January 15, 2015
This Capital Checkup reminds employers about the criteria for paying the penalty, describes safe harbors for affordability and explains how the penalty is calculated. The discussion concludes with a list of action steps that employers should consider as they determine whether they may need to pay a penalty. (Another Capital Checkup discusses a transition rule for certain non-calendar-year plans that delays the penalty’s effective date until the start of the plan year beginning in 2015.)
For the employer shared responsibility penalty to apply, at least one full-time employee must receive subsidized Marketplace coverage.4 In 2015 only, the penalty applies to employers with at least 100 full-time employees5 (those who work on average 30 or more hours per week) on business days during the previous year.
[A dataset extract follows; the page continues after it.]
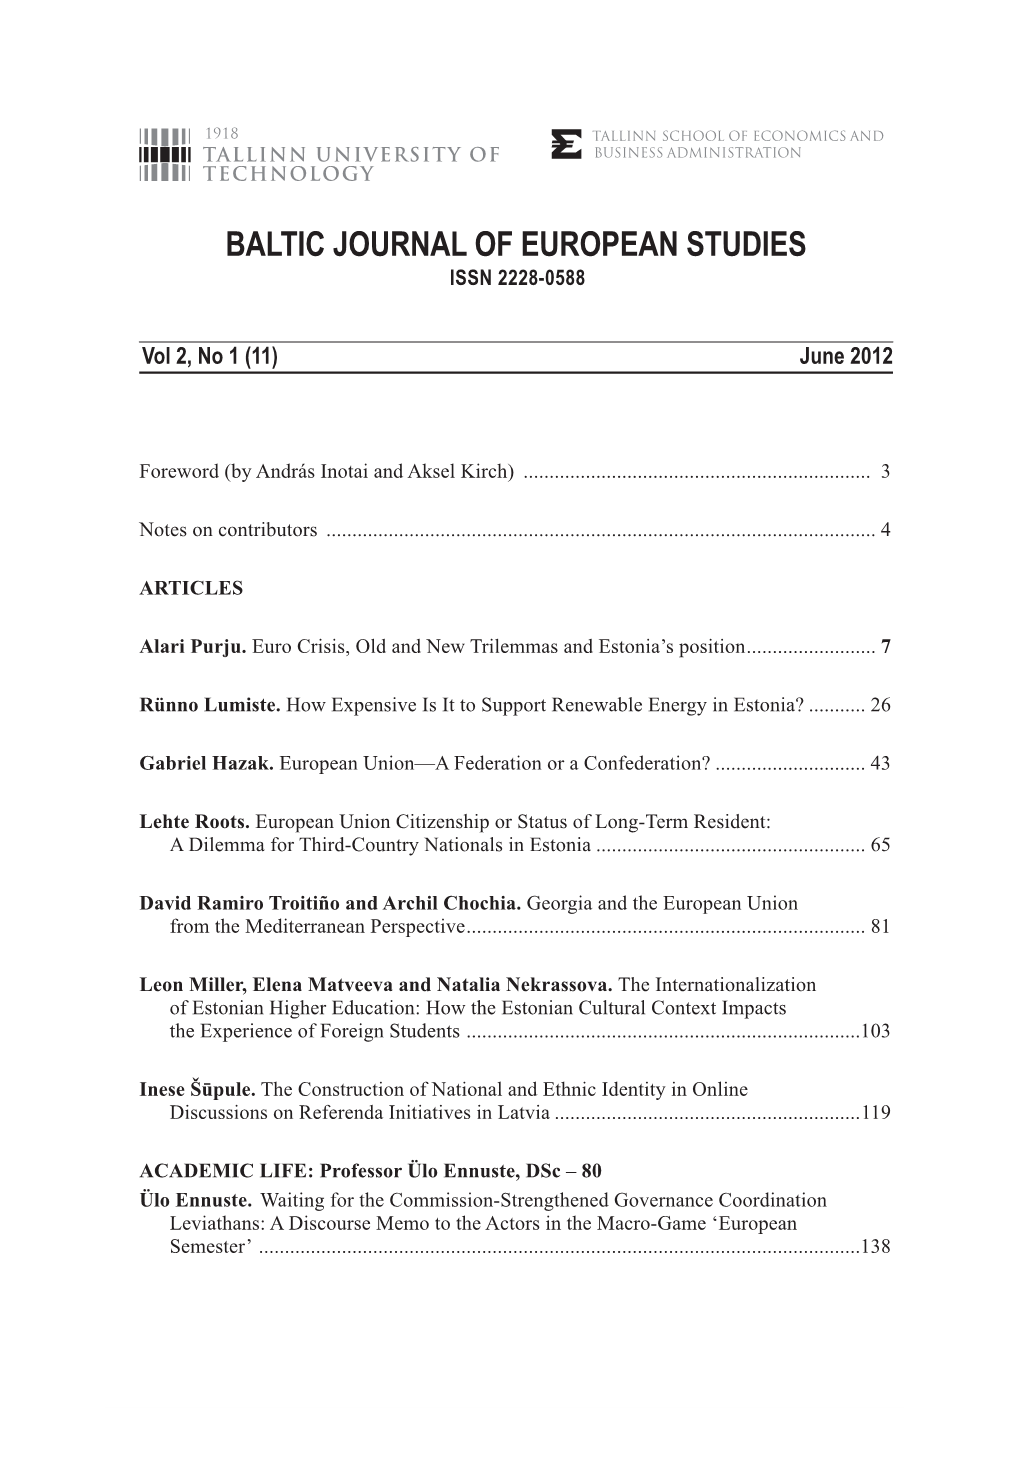 Journal Title and the Articles (Pdf)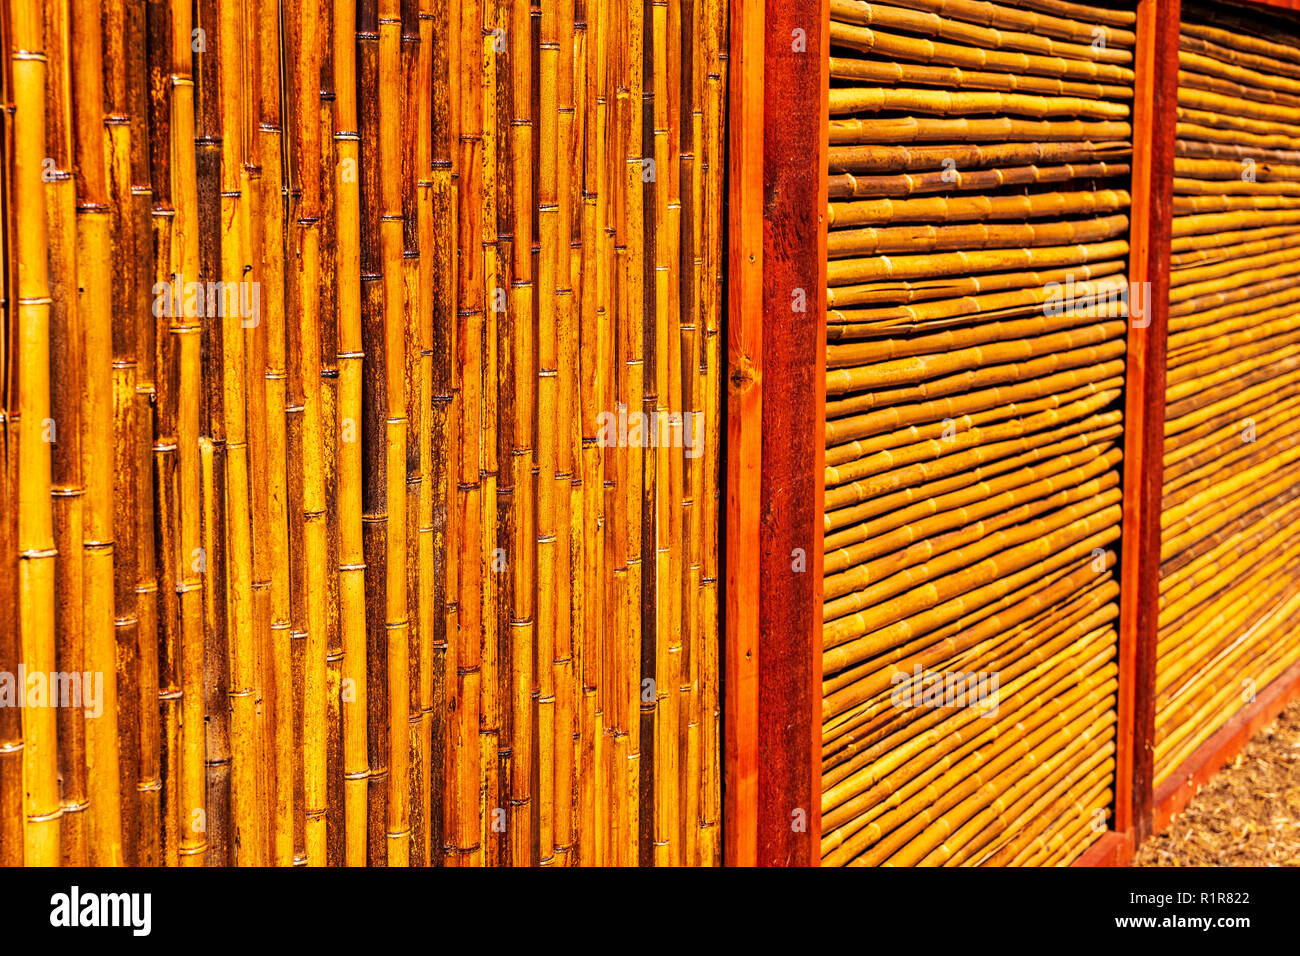 Bamboo fence creates graphic patterns Stock Photo

Starting in 2016, the penalty will apply to employers with at least 50 full-time employees.
Large employers are subject to the penalty if they do not offer health coverage to their full-time employees (and those employees’ dependent children6). A large employer will be treated as having offered coverage to its full-time employees and their dependent children for a calendar month if, for that month, it offers coverage to 95 percent (70 percent in 2015) of its full-time employees (and to their dependent children through the end of the month in which they turn 26).
The employer shared responsibility penalty will also apply to large employers that offer health coverage to their full-time employees that does not provide minimum value — defined as paying, on average, at least 60 percent of expected claims costs — or is not affordable, as discussed in the next section.
A large employer that contributes to a multiemployer plan will be treated as offering minimum essential coverage to employees for whom the employer makes contributions to the multiemployer plan. The contributing employer is responsible for identifying its full-time employees based on hours of service. Whether an employee is a full-time employee or not is determined under the counting rules described in Sibson’s Capital Checkup, “Identifying Full-Time Employees Under the Affordable Care Act’s Employer Shared Responsibility Penalty.” The multiemployer plan is responsible for demonstrating that it provides affordable and minimum value coverage to eligible participants and their dependent children (up to the end of the month in which they turn 26).
In general, coverage is considered affordable under the employer penalty rule if the employee’s required contribution for employee-only coverage for the lowest-cost minimum value coverage option does not exceed 9.5 percent of an employee’s household income. The cost of spousal or dependent coverage is irrelevant for this test.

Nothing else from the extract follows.